Since its enactment in 1986, the Emergency Medical Treatment and Active Labor Act (EMTALA) has served as a cornerstone of patient rights. Designed as an antidiscrimination statute, EMTALA ensures that individuals presenting to the emergency department (ED) receive equal access to screening and stabilization, regardless of their insurance status, background, or ability to pay.
Yet nearly 40 years later, compliance remains a pressing challenge. Each year, approximately 4% of hospitals are cited by the Centers for Medicare & Medicaid Services (CMS) for violations, underscoring that EMTALA obligations are not only legal requirements, but also persistent patient safety issues.
Why EMTALA Still Matters Today
Healthcare delivery has grown more complex since EMTALA’s passage.

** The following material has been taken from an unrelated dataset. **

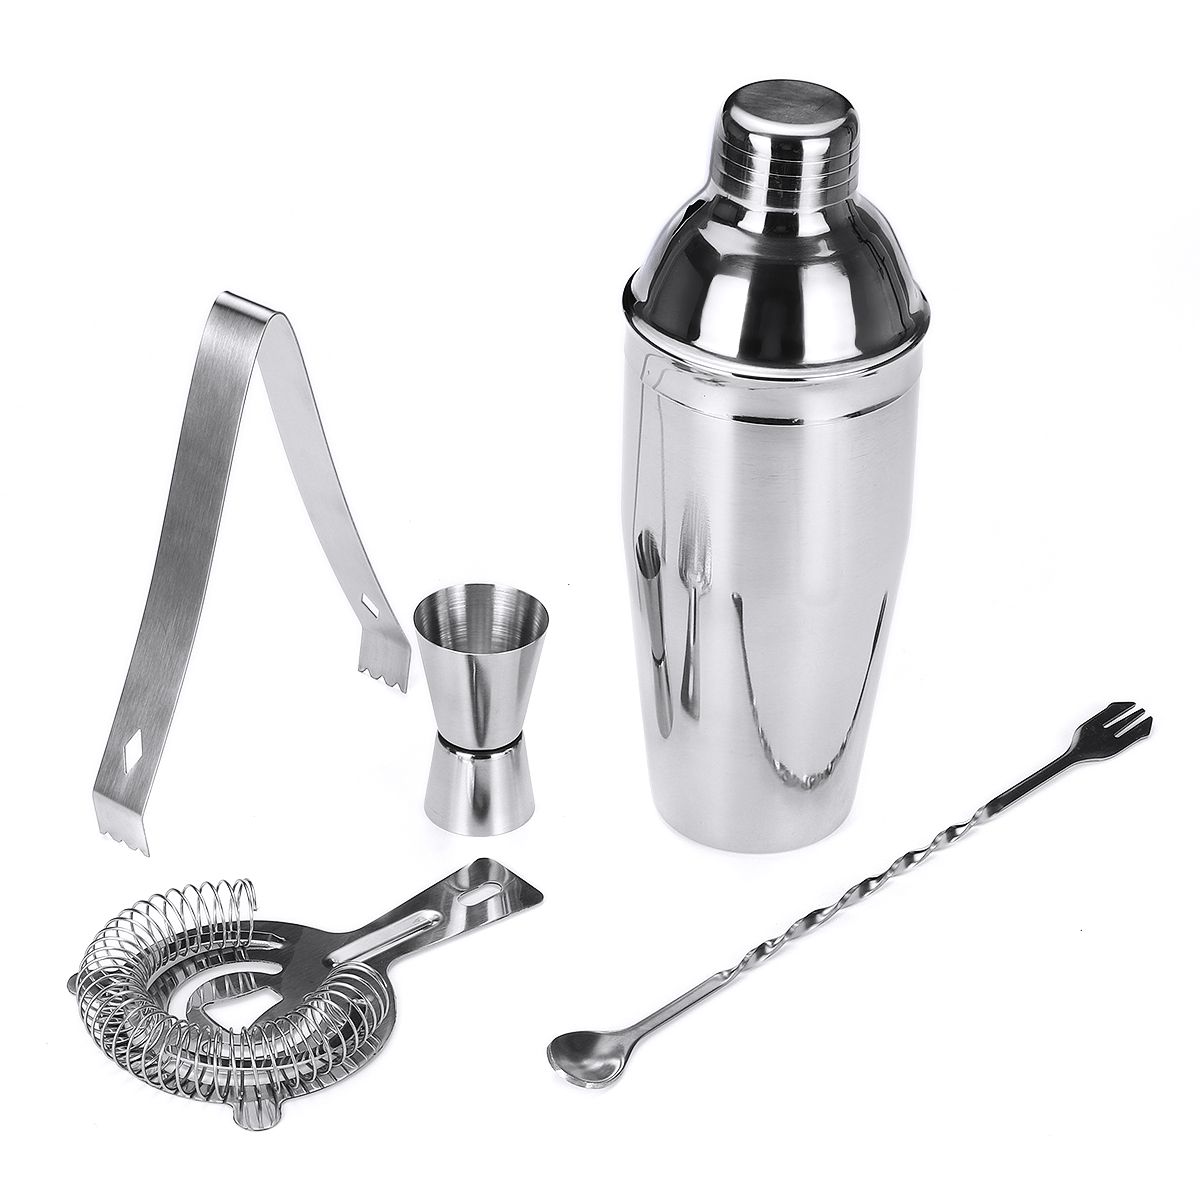 5pcs-Cocktail-Shaker-Set-Jigger-Mixing-Spoon-Tong-Barware-Bartender-Tools-wWood-Storage-Stand-Bars-M-1587202

Today’s challenges—including hospital capacity shortages, access barriers, workforce strain, and the evolving legal landscape surrounding reproductive health—intensify the difficulty of meeting EMTALA standards.
One particularly vulnerable area is obstetric emergencies, which have historically been a leading source of EMTALA violations. Reviews of settlements between 2002 and 2018 found that:
- 1 in 6 EMTALA settlements involved obstetric emergencies
- 1 in 5 of those cases involved a pregnant minor
These cases highlight potential knowledge and process gaps in how clinicians apply EMTALA requirements in urgent and sensitive situations.
EMTALA’s Core Requirements
At its heart, EMTALA mandates two obligations for hospitals with dedicated EDs:
- Provide a Medical Screening Examination (MSE)—
Every patient must receive an appropriate MSE to determine whether an emergency medical condition (EMC) exists; for pregnant patients, this includes assessment of both mother and fetus - Provide Stabilizing Treatment or Appropriate Transfer—
If an EMC is identified, the hospital must stabilize the patient within its capability and capacity—or arrange a transfer to a facility that can provide the needed level of care
For obstetric patients, CMS explicitly considers labor and delivery units to be dedicated EDs, meaning these requirements apply equally to labor triage and delivery areas.
Special Considerations for Obstetric Emergencies
When pregnant patients present to the ED or labor unit, EMTALA obligations extend to both the mother and fetus. The MSE should include:
- Contraction assessment (regularity, frequency, and duration)
- Fetal heart tones and monitoring
- Fetal position and station
- Cervical dilation and effacement
- Status of membrane rupture
- Evaluation for complications such as preeclampsia or placental abruption
If a patient is in labor and meets EMC criteria, “stabilization” under EMTALA means delivery of both the baby and placenta. Until then, transfer decisions carry high risk and require detailed documentation.
Requirements for Patient Transfer
When a hospital cannot stabilize a patient due to limitations in capacity or capability, transfer may be necessary. EMTALA permits transfer in two main circumstances:
- Medical necessity—The benefits of care at the receiving hospital outweigh the risks
- Patient request—The patient (or representative) requests transfer in writing after being informed of risks and the hospital’s obligations
In both cases, several conditions must be met:
- Transfer certification by the physician, stating risks and benefits
- Acceptance from the receiving facility prior to transfer
- Use of qualified personnel and medically appropriate transportation
- Transmission of complete medical records, including nursing documentation
Failure to meet these requirements is a frequent source of citations.
The Role of Interprofessional Communication
Safe transfer depends on effective communication across disciplines and institutions. Physicians must reassess patients immediately before transfer and document their evaluation. Nurses must also perform reassessments, provide detailed handoffs, and ensure all documentation accompanies the patient.
Best practices include:
- Checklists outlining required documentation and handoff items
- Direct nurse-to-nurse handoff communication between facilities
- Standardized interhospital transfer protocols to reduce variability and risk
Practice Pearls for Clinicians
- Document thoroughly—Transfer certifications cannot be implied from the medical record; they must be explicit, timed, dated, and signed
- Engage patients—Inform patients or representatives of risks and benefits of transfer, and document consent whenever possible
- Prepare for transport—Partner with ambulance services that can provide trained personnel and appropriate life-support equipment
- Focus on fetal assessment—Always evaluate and document fetal status when pregnant patients present to the ED
- Strengthen protocols—Develop and rehearse interhospital transfer procedures, particularly for high-risk obstetric cases
Moving Forward
EMTALA compliance is not just a regulatory requirement—it’s a patient safety imperative. The statute is designed to ensure that every patient, regardless of circumstance, receives equitable and safe emergency care. By reinforcing clinician education, implementing checklists, standardizing transfer protocols, and prioritizing interprofessional communication, healthcare organizations can reduce EMTALA-related risk and protect both patients and providers.
Bottom line: EMTALA has stood for nearly 4 decades as a safeguard of equity in emergency medicine. But in today’s evolving healthcare landscape, compliance requires vigilance, teamwork, and a system-level commitment to safe, patient-centered care.